For a better understanding of the components that need to be set up for Kubernetes, we shall also briefly discuss the major components needed for a Kubernetes installation, as well as some of the networking basics for Kubernetes.

One term that will come up frequently when discussing Kubernetes is the "Pod". Pods are the smallest units of computing that can be defined, deployed and managed in Kubernetes [OS-P]. They are comprised of a single or a group of containers with shared storage and network, running on the same host. Kubernetes uses the concept of pods to model the common application design pattern of having multiple cooperating processes forming an application or service [K-P]. Depending on the application design, a pod could describe a whole application with back-end, front-end and data storage, but for our microservice architecture, pods will usually only contain one service container.

Kubernetes Components

To setup Kubernetes, the setup tools will need to setup both master and worker nodes. Therefore, we shall briefly discuss the necessary components for each node.

Master Node

A Kubernetes master node runs the components necessary for the cluster coordination and the scheduling of pods (they provide the cluster's control plane).

32 The most important Master Components for us are [K-C]:

• etcd: The cluster's backing store, where all data is stored

• kube-apiserver: Exposes the remote API and acts as the front-end for the control plane

• kube-controller-manager: Runs various controller process that handle routine tasks in the cluster

• kube-scheduler: Watches for newly created pods and selects a node to run them on

With most minimal installations, only one master nodes is set up for simplicity, but for productive, highly-available installations, multiple master nodes and separate etcd instances might be necessary.

Worker Nodes

In most setups, the master nodes will not run application pods themselves and there will be multiple worker nodes in the cluster.

Worker nodes run Kubernetes' Node Components [K-C]:

• kubelet: The primary node agent, which watches for and sets up the pods that have been assigned to the node

• kube-proxy: Maintains network rules and performs connection forwarding.

Networking

There are multiple ways to setup the networking between pods in Kubernetes. Kubernetes implements the Container Networking Interface (CNI) to allow various networking implementation to be used for a cluster setup [K-CNI]. The CNI plugin is usually setup after the cluster’s master and worker nodes were started and have joined the cluster.

The two CNI plugins we will be using in the scope of this project will be:

• Flannel: A simple overlay network that is mostly the default networking plugin used for standard Kubernetes installations.

• Project Calico: Provides networking and network policies and employs the same IP networking principles as the internet to connecting Kubernetes pods. Calico provides high-performance data center networking and can be deployed without encapsulation or overlays. It also provides fine- grained, intent based network security policy for Kubernetes pods [K-CN].

Tools & Technologies

To achieve the required automation, we will need to use tools that helps us with the automated provisioning of virtual machines and with the installation and setup of Kubernetes on those machines. We shall try out multiple tools if possible, to ge a sense of their individual strengths and weaknesses. But a comprehensive evaluation of tools for provisioning and setup would be too much effort for our purposes and shall be out of scope for this project.

33 Provisioning

Since our target infrastructure will be a vSphere cluster, the provisioning tool will need to supports vSphere's remote API. To be able to set up the environment on public cloud platforms as well, the provisioning tool shall also support the most important providers. Therefore, we shall only consider provisioning tools that support both vSphere and public cloud deployments.

HashiCorp Terraform

HashiCorp offers an open source provisioning tool that provides all the features we require. Terraform is designed to provision and manage infrastructure across multiple cloud providers. It supports the provisioning of virtual machines to vSphere and to virtually all major public cloud providers, as well as numerous other kinds of infrastructure resource types [T-P].

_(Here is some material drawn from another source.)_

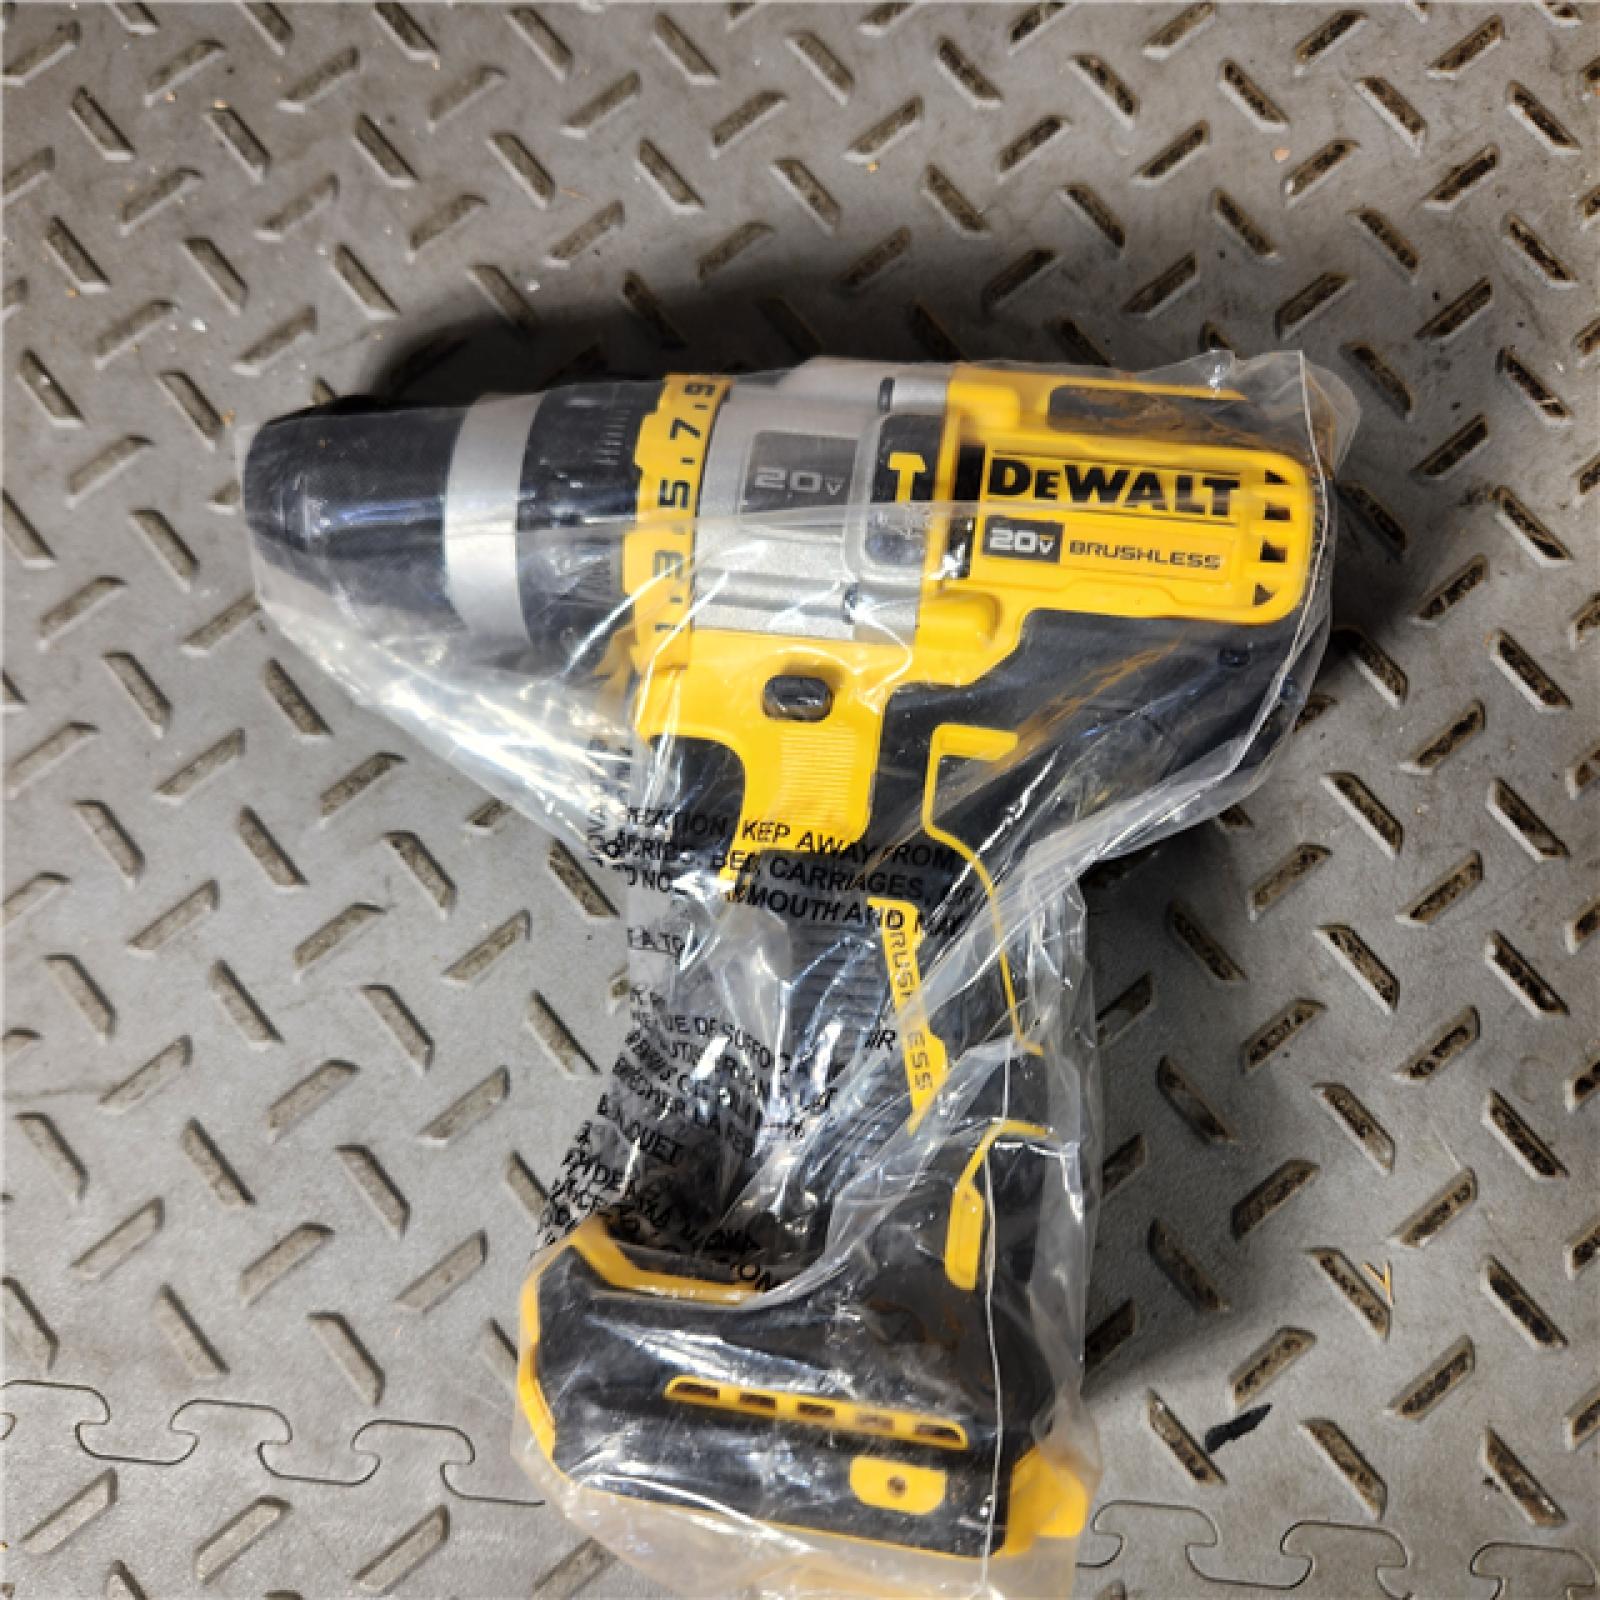 Houston Location - AS-IS Dewalt DCD999B 20V MAX Flexvolt 1/2  Cordless Hammer Drill Bare Tool (MISSING HANDLE) - Appears IN LIKE NEW Condition

Terraform employs the Infrastructure As Code philosophy, where infrastructure resources are describe in a text-based, declarative configuration language. Terraform will then verify the resource description and apply the described changes to the environment.

The open source version of Terraform is already pretty fully featured and sufficient for the scope of this project. But HashiCorp also offers a commercial version called Terraform Enterprise that adds many collaboration features.

Canonical Juju

Juju is an application modelling and provisioning tool specifically for Canonical’s Ubuntu Cloud variant. It allows the setup and deployment of applications to be described in so-called "Charms", which can the be bundled in "Bundles" and deployed to various virtualization providers (including vSphere).

Juju is relevant for our project because it is used for the setup to The Canonical Distribution of Kubernetes. The Distribution itself is a set of Juju Bundles that combine Ubuntu Cloud with an upstream release of Kubernetes. There are various Bundles ranging from minimal to full-fledged, production-ready Kubernetes clusters.

Kubernetes Setup

For the Kubernetes setup, we will also need to evaluate various approaches and tools. The Kubernetes community documents and maintains quite a few different approaches to setting up Kubernetes [K-PRS], so we will have to select and test the most promising ones for our use case.

Ansible Playbook

The Kubernetes project provides an Ansible Playbook to install and setup a basic Kubernetes cluster on a set of existing machines. The Playbook only needs a list of the designated machines for the master and worker nodes, as well as some basic configuration to facilitate SSH access to the target machines. It will then install and setup the necessary components, create certificates and so on.

Kubernetes Anywhere

Kubernetes Anywhere is currently still the setup option highlighted in the Kubernetes

34 documentation for installations on vSphere [K-VS]. It uses a Photon OS template that needs to be copied to the target vSphere cluster and a Docker image that contains the necessary tools to start the machines and setup Kubernetes [GH-KAV].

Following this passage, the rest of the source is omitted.